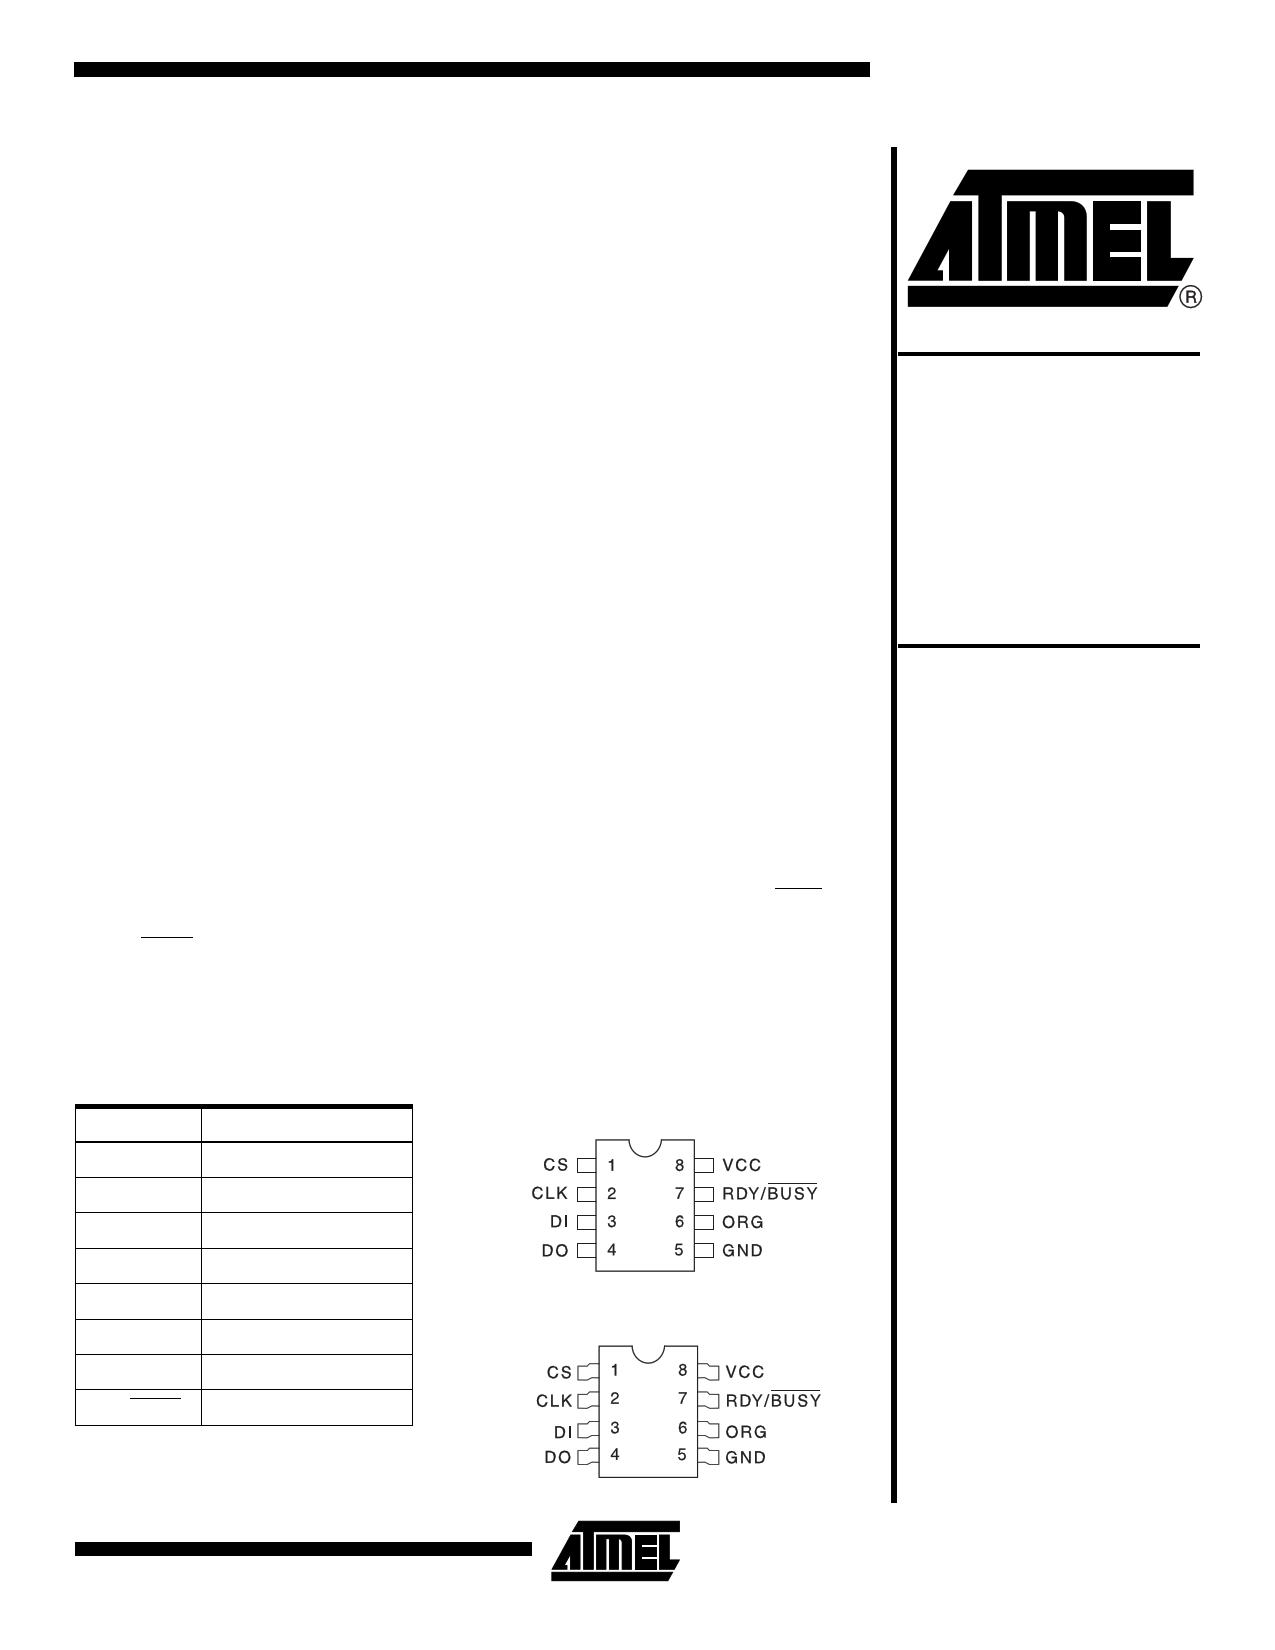 AT59C22W-10SI Datasheet, AT59C22W-10SI PDF,ピン配置, 機能
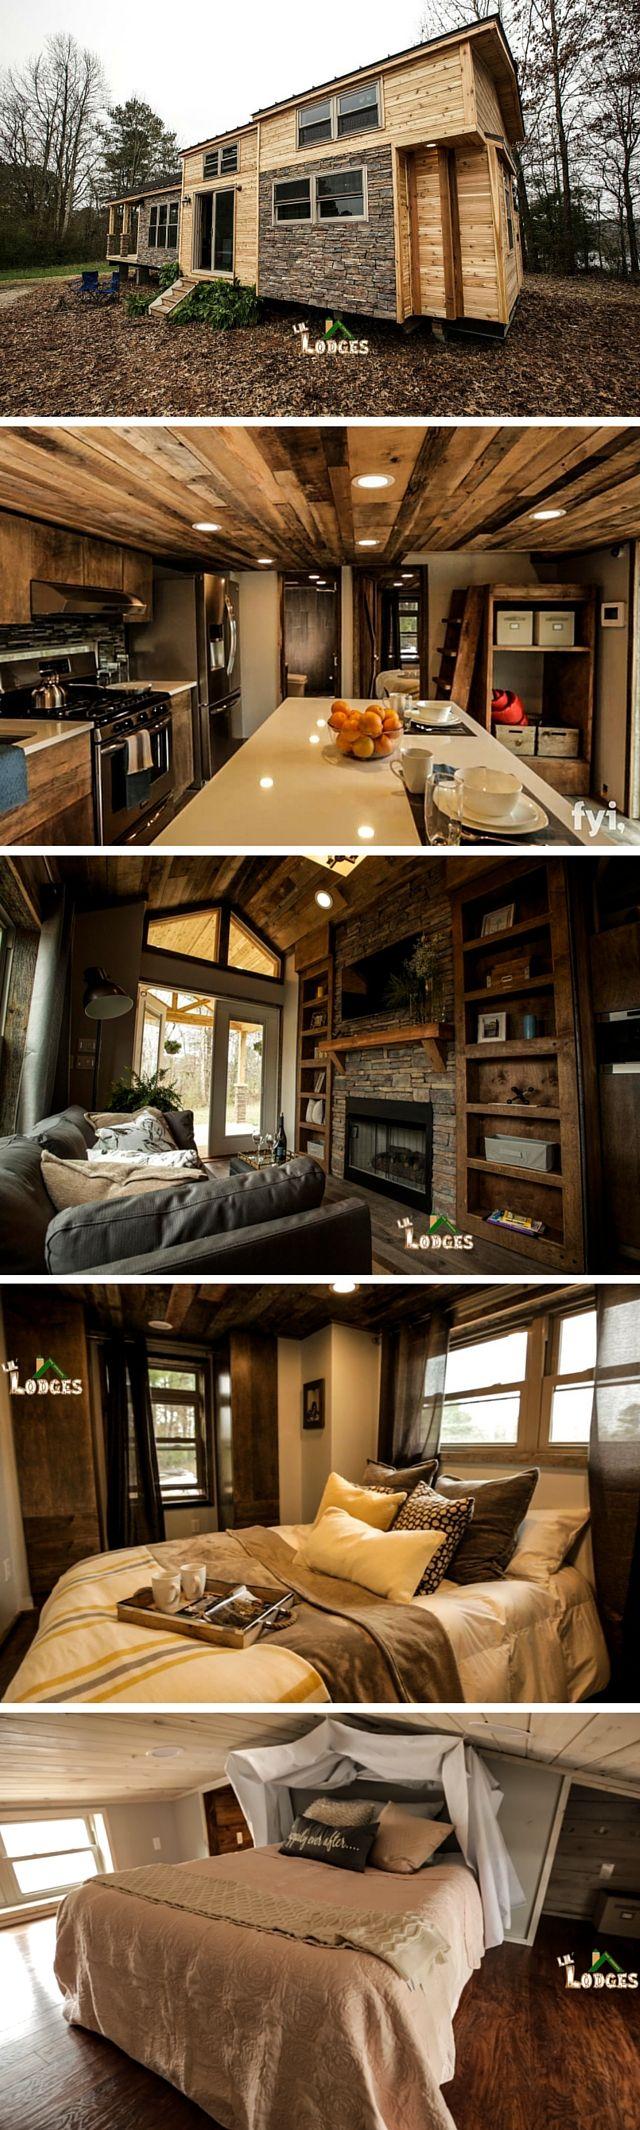 A tiny house retreat in Cobleskill NY
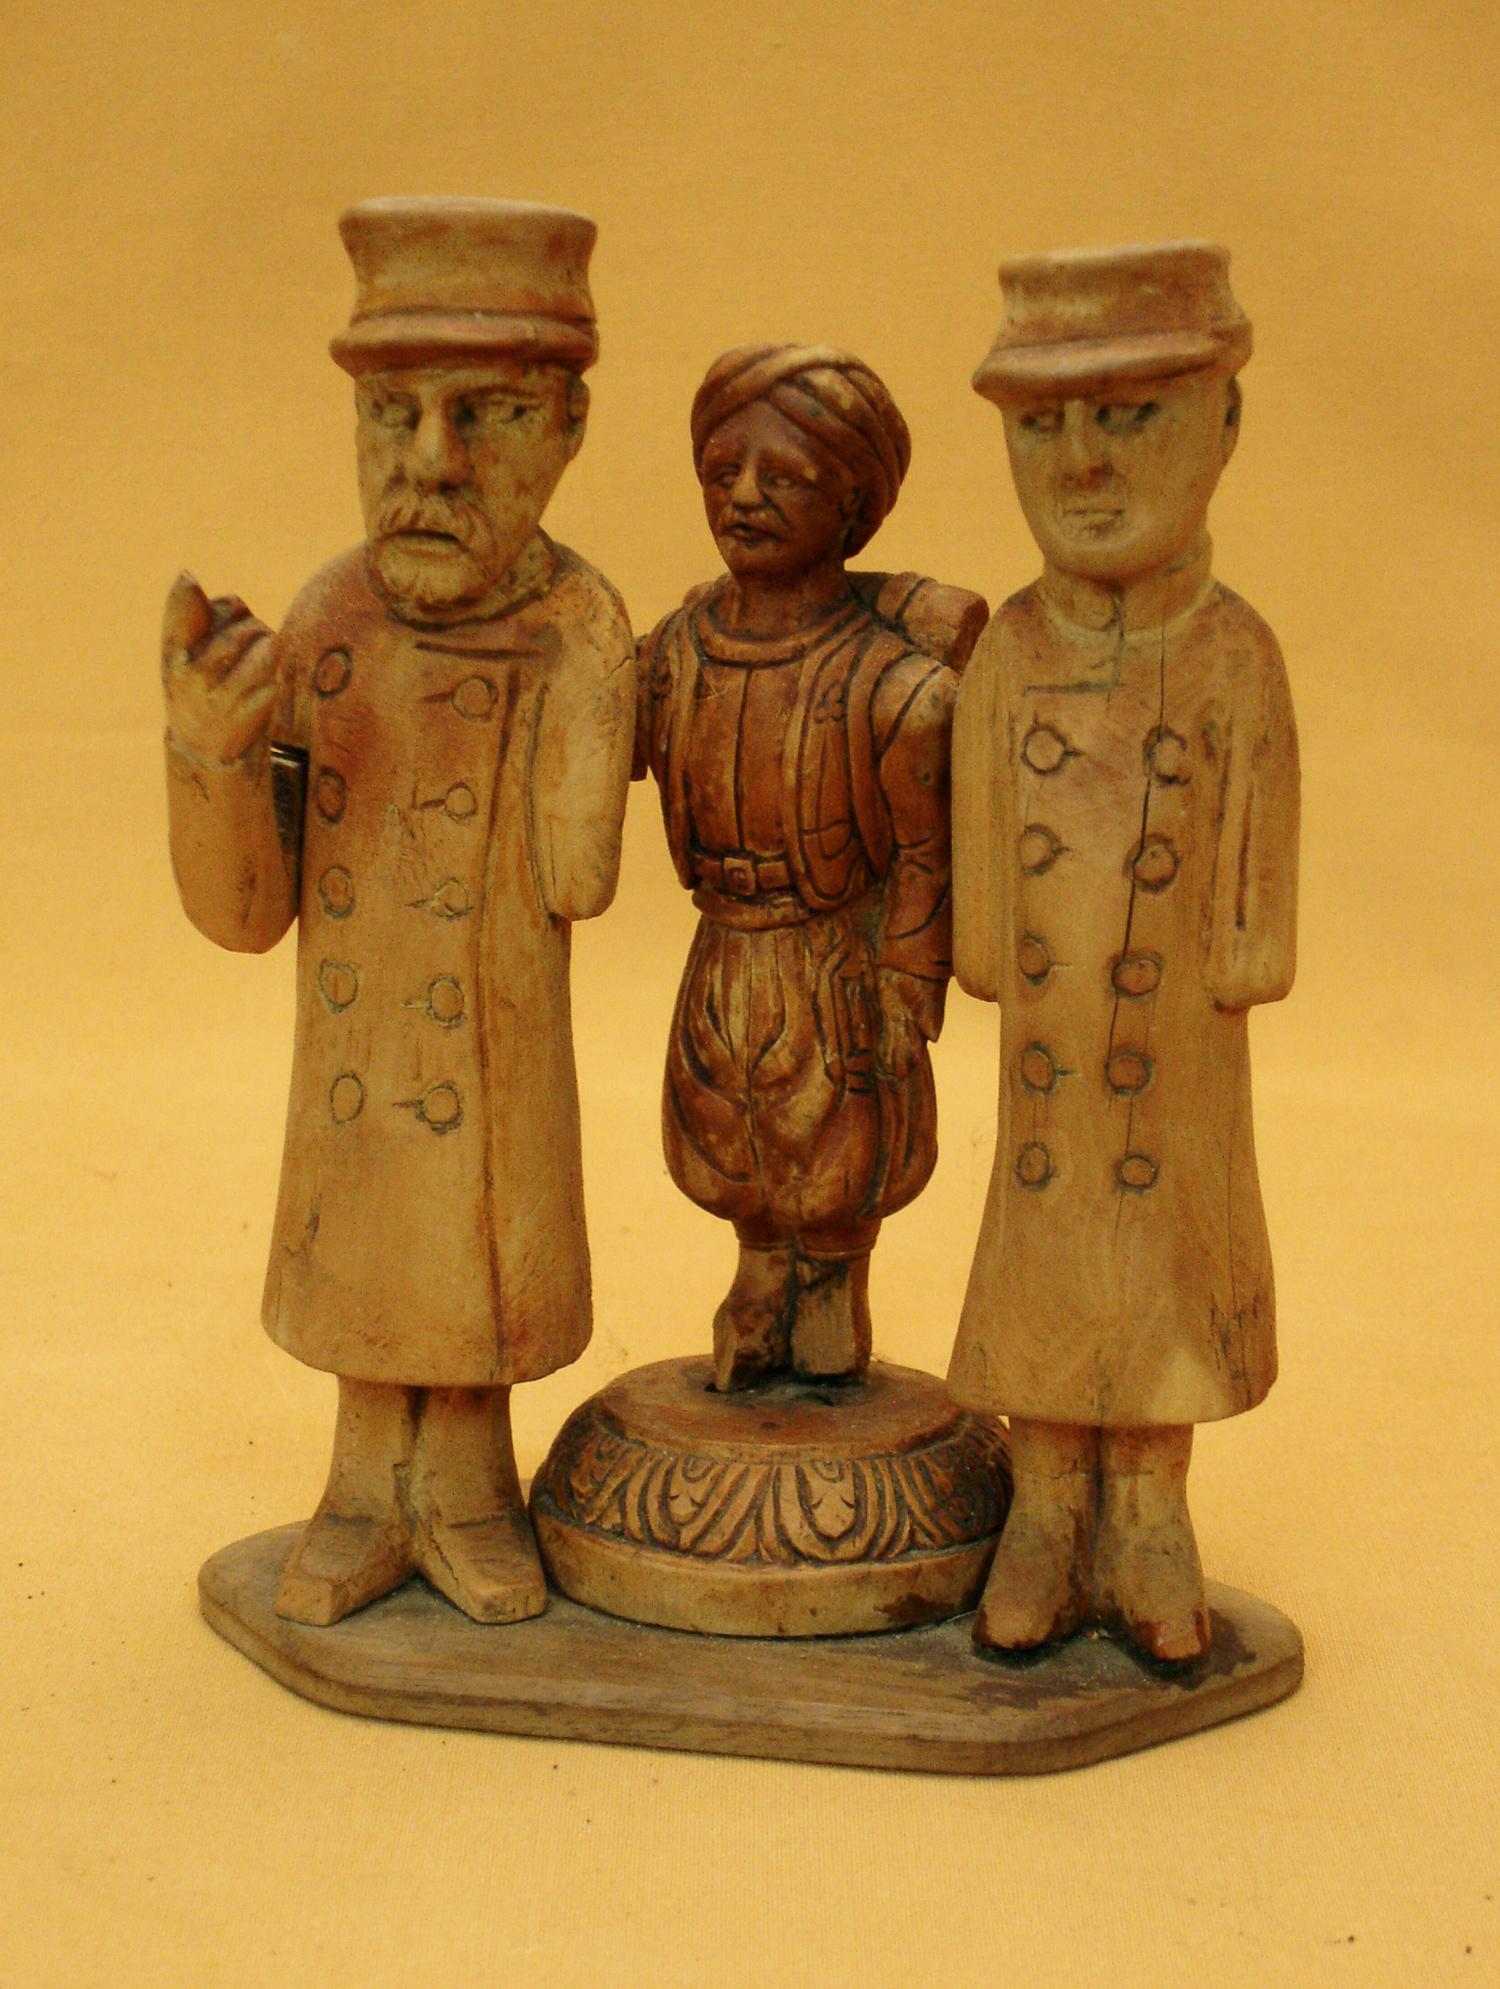 Travail de Poilu en bois sculpté.
-=-=-=-=-
Copy the listing above in full and exactly, but omit each picture that it holds.

 AT59C22W-10SI Datasheet, AT59C22W-10SI PDF,ピン配置, 機能
 A tiny house retreat in Cobleskill NY
 Travail de Poilu en bois sculpté.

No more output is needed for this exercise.